__Problem statement__: Would you transcribe the whole listing exactly, minus its pictures?

__Dataset extract__:
Content starts

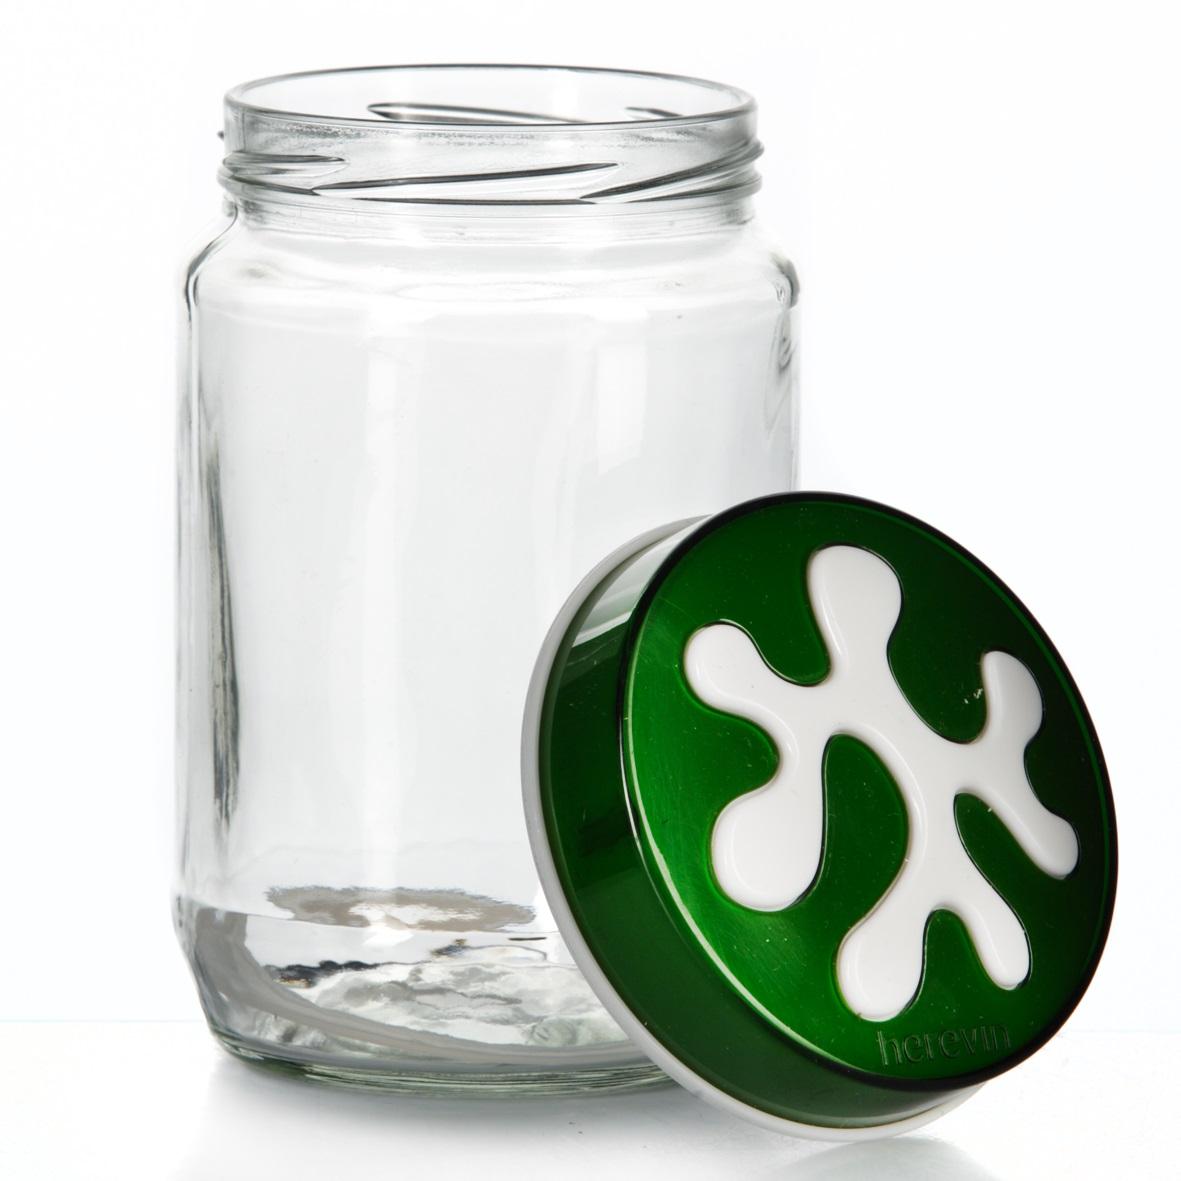 Банка для сыпучих продуктов Herevin, цвет: зеленый, 720 мл. 135367-002135367-002Банка для сыпучих продуктов Herevin изготовлена из прочного стекла и оснащена плотно закрывающейся пластиковой крышкой. Благодаря этому внутри сохраняется герметичность, и продукты дольше остаются свежими. Изделие предназначено для хранения различных сыпучих продуктов: круп, чая, сахара, орехов и т.д. Функциональная и вместительная, такая банка станет незаменимым аксессуаром на любой кухне. Можно мыть в посудомоечной машине. Пластиковые части рекомендуется мыть вручную. Объем: 720 мл. Диаметр (по верхнему краю): 7,5 см. Высота банки (без учета крышки): 14 см.
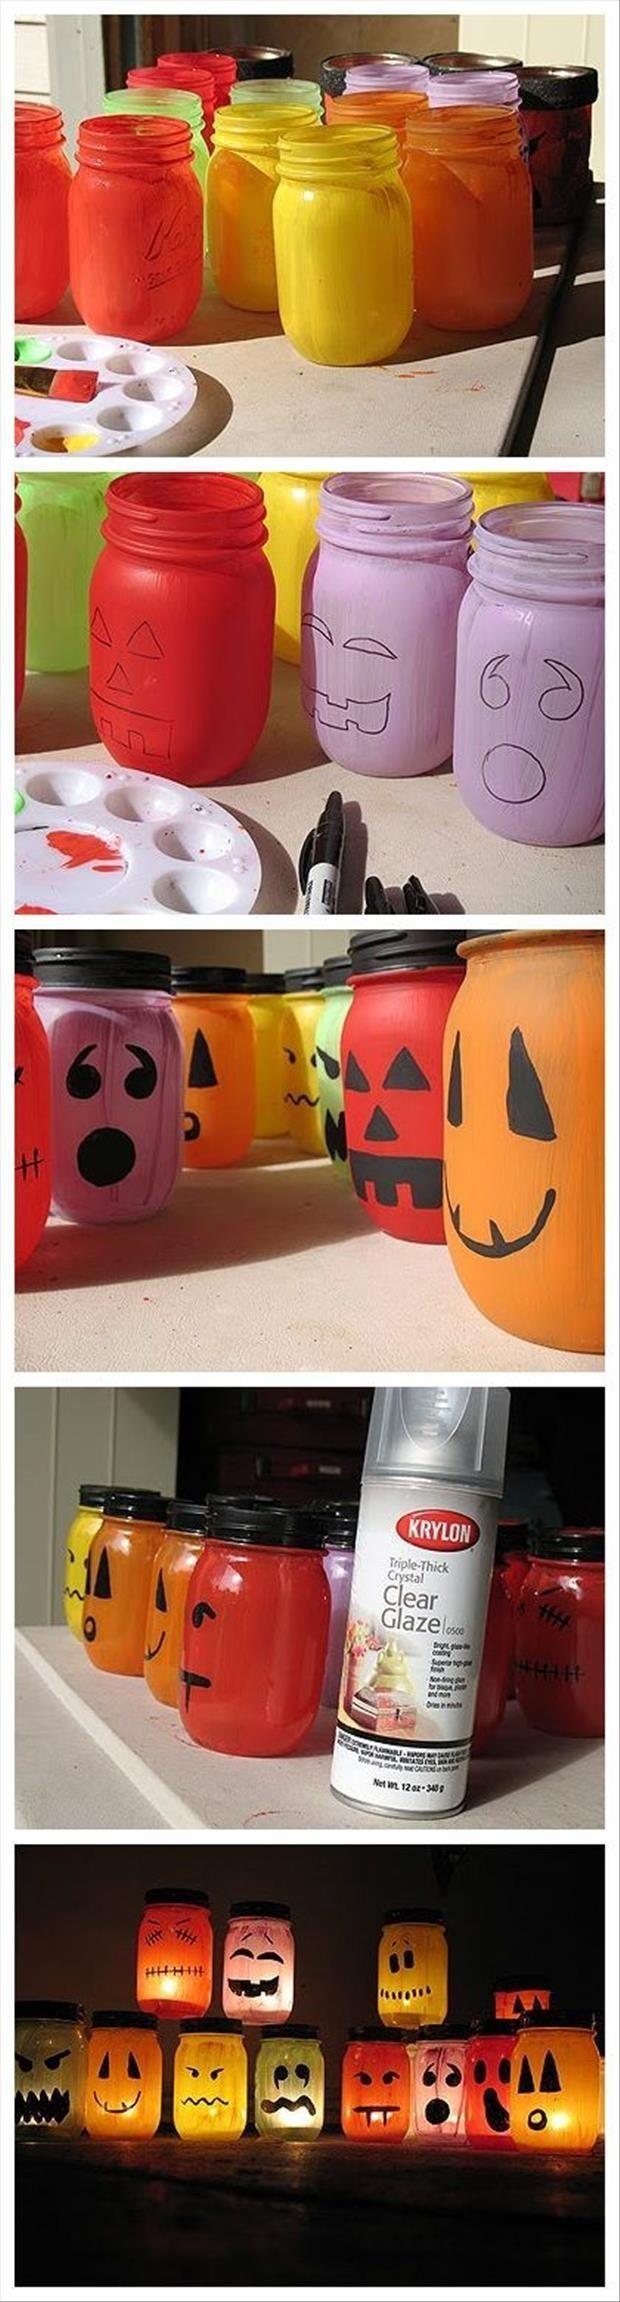 Lanternes de verre peintes à la mains... à faire avec les enfants!
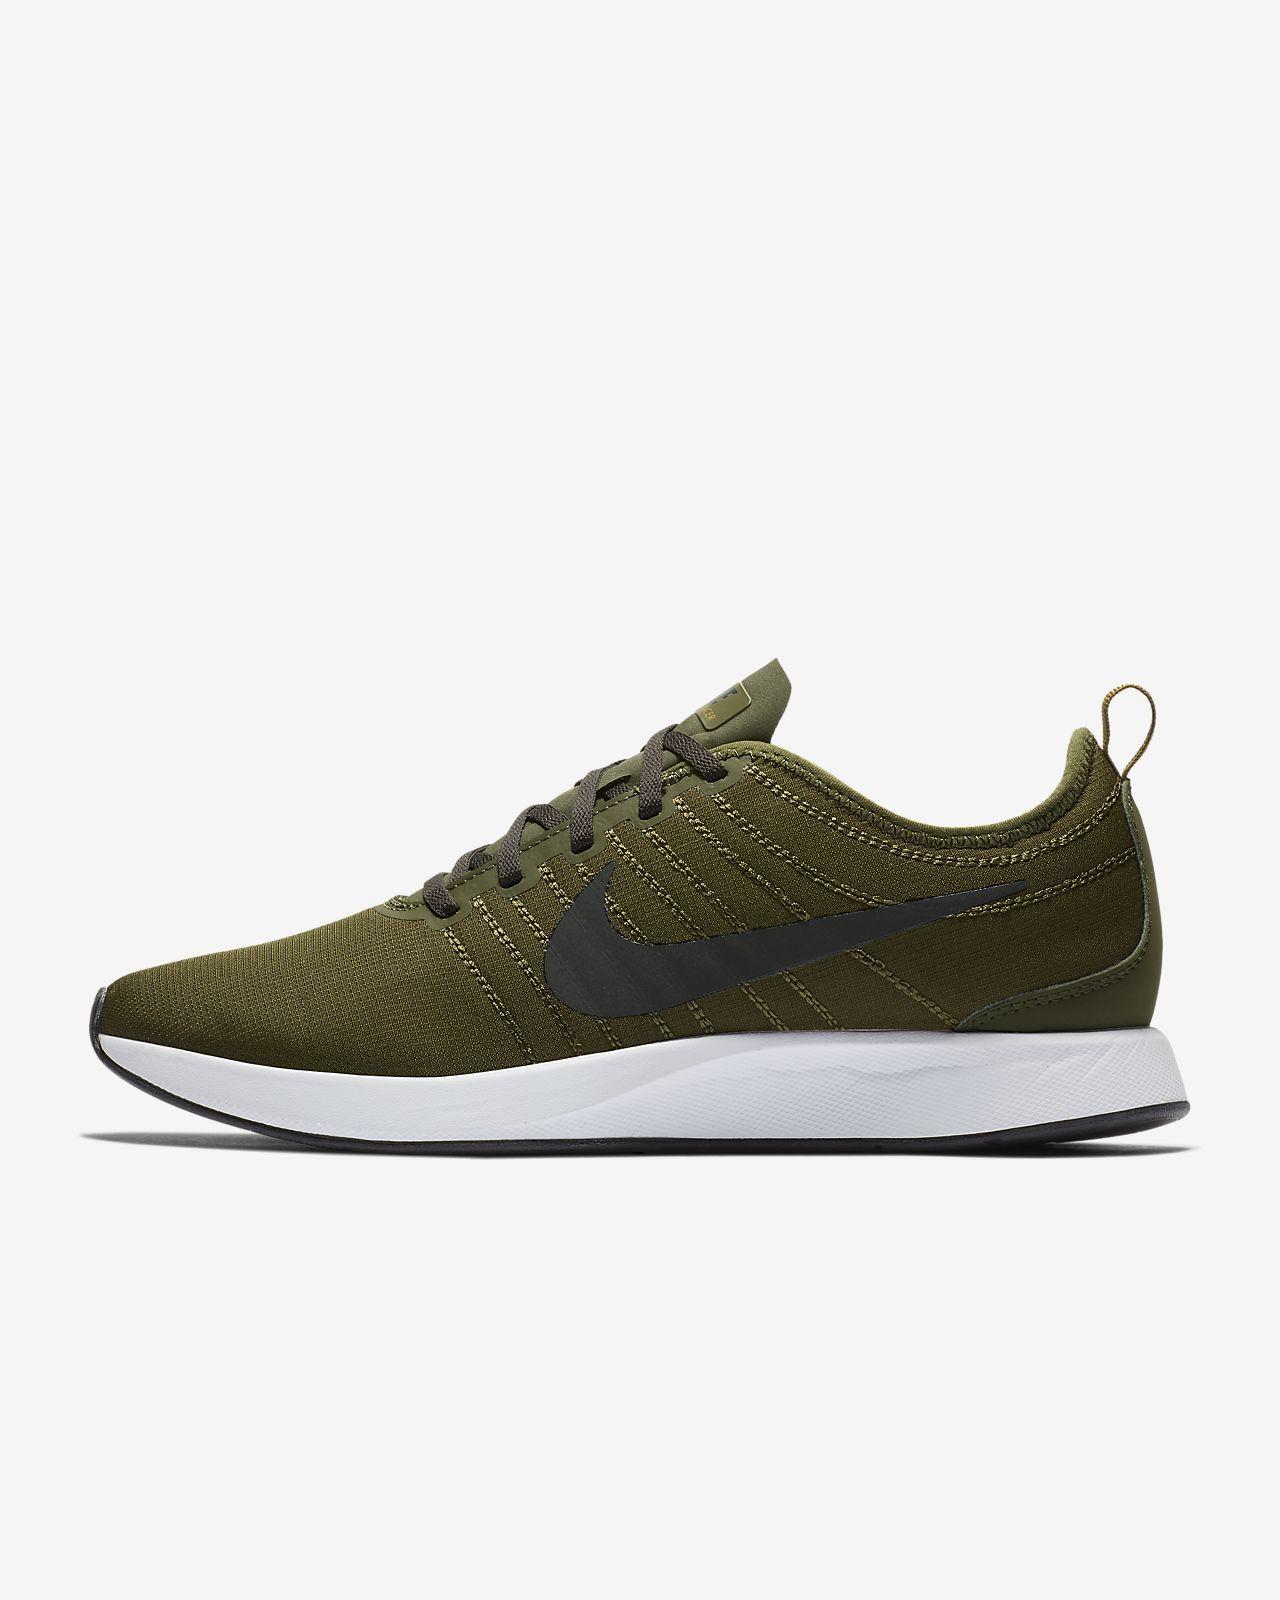 premium selection 1439f 50487 ... Chaussure Nike Dualtone Racer pour Homme
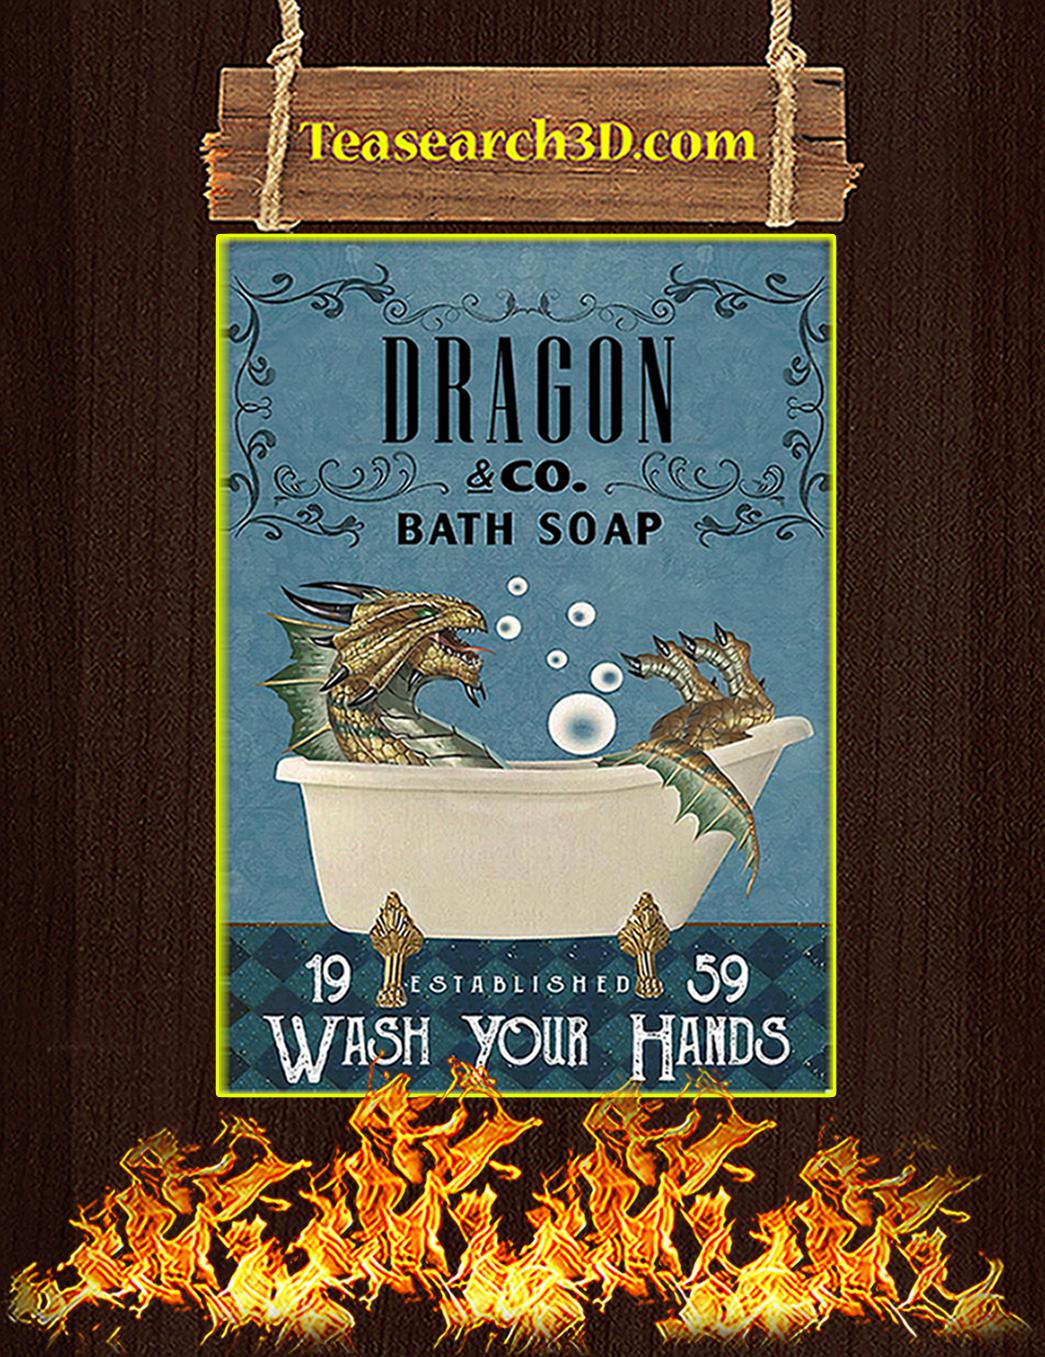 Bath Soap Company Dragon Poster A1

Content ends

__Reply__:
 Банка для сыпучих продуктов Herevin, цвет: зеленый, 720 мл. 135367-002135367-002Банка для сыпучих продуктов Herevin изготовлена из прочного стекла и оснащена плотно закрывающейся пластиковой крышкой. Благодаря этому внутри сохраняется герметичность, и продукты дольше остаются свежими. Изделие предназначено для хранения различных сыпучих продуктов: круп, чая, сахара, орехов и т.д. Функциональная и вместительная, такая банка станет незаменимым аксессуаром на любой кухне. Можно мыть в посудомоечной машине. Пластиковые части рекомендуется мыть вручную. Объем: 720 мл. Диаметр (по верхнему краю): 7,5 см. Высота банки (без учета крышки): 14 см.
 Lanternes de verre peintes à la mains... à faire avec les enfants!
 premium selection 1439f 50487 ... Chaussure Nike Dualtone Racer pour Homme
 Bath Soap Company Dragon Poster A1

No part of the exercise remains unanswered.